With this configuration and 8E20 8 GeV protons/year on target, we get a soil activation that corresponds to a concentration at the Dolamite (assumed elevation of 677') of 6500 pC/mL of tritium (limit is 20 pC/mL) and 2.3 pC/mL of Na22 (limit is .2 pC/mL). While these numbers are well above the allowed limits, they are not so far out of range that they are worrisome at this point. Additional shielding and a better simulation will probably brings these into line. However, one of the most important factors in these calculations is the depth of the Dolamite layer below the target hall. I would suggest taking core samples at three places:
As to shielding, the highest area of irradiation is right behind the dump. In the next plot, I show the star density in a linear contour plot in the soil right behind the dump. [Up is up in this plot; right is beam's right. The scale is in cm. The contours shown essentially map out the portion of the end of the decay hall not covered by the dump.] We get significant irradiation around the edges of the dump. To reduce the activation level, we must shield this area. The final plot is a logrythmic plot of the activation in the soil laterally around the decay hall. [Up is along the beam line in this plot; right is beam's right. The plot starts at the upstream shielding of the target. The contours mark out the edge of the soil outside the decay hall. The scales are in cm.] This plot shows that the upstream end of the hall is pretty well shielded, but once the shielding ends, activation begins. The highest region is at the end of the hall where the particles miss the steel dump. However, there is significant activation in the sides of the all also (more to beam's left than beam's right only because the beam is closer to the wall on the left than on the right).

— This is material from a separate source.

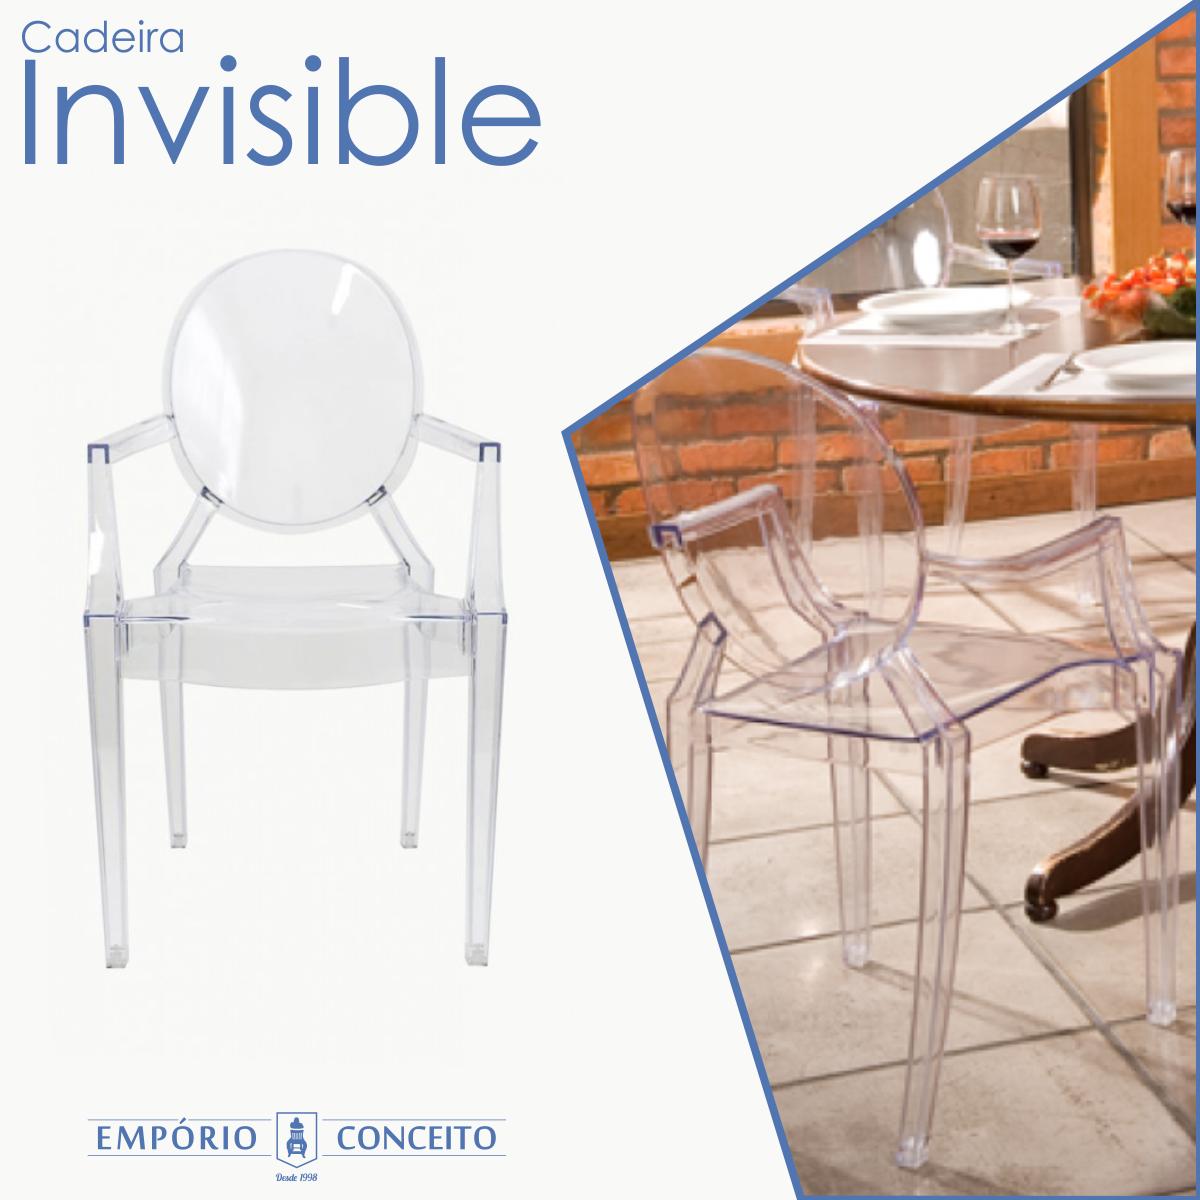 A Cadeira Invisible traz um design moderno à sua casa, muito mais estilo para qualquer ambiente. Pode ser usada na sala de jantar, no quarto ou como peça decorativa. Confortável e ergonômica, deixa qualquer ambiente mais sofisticado e moderno pois suas formas delicadas provocam a elegância do ambiente com um toque contemporâneo

The shielding studies that I would recommend (and will do) are to increase the wall thickness on the sides of the hall to get below the concentration limit, to add steel shielding to the end of the hall, and to make the hall smaller to just fit around the beamstop.
Finally, a comment on MARS vs. Casim: I have retrofitted Casim to allow us to use it to specifically answer our questions about our target hall. Unfortunately, I cannot get the same level of detail out of MARS. I plan to compare MARS to Casim on some geometries that MARS can handle and then to extrapolate to our present geometry from that extrapolation.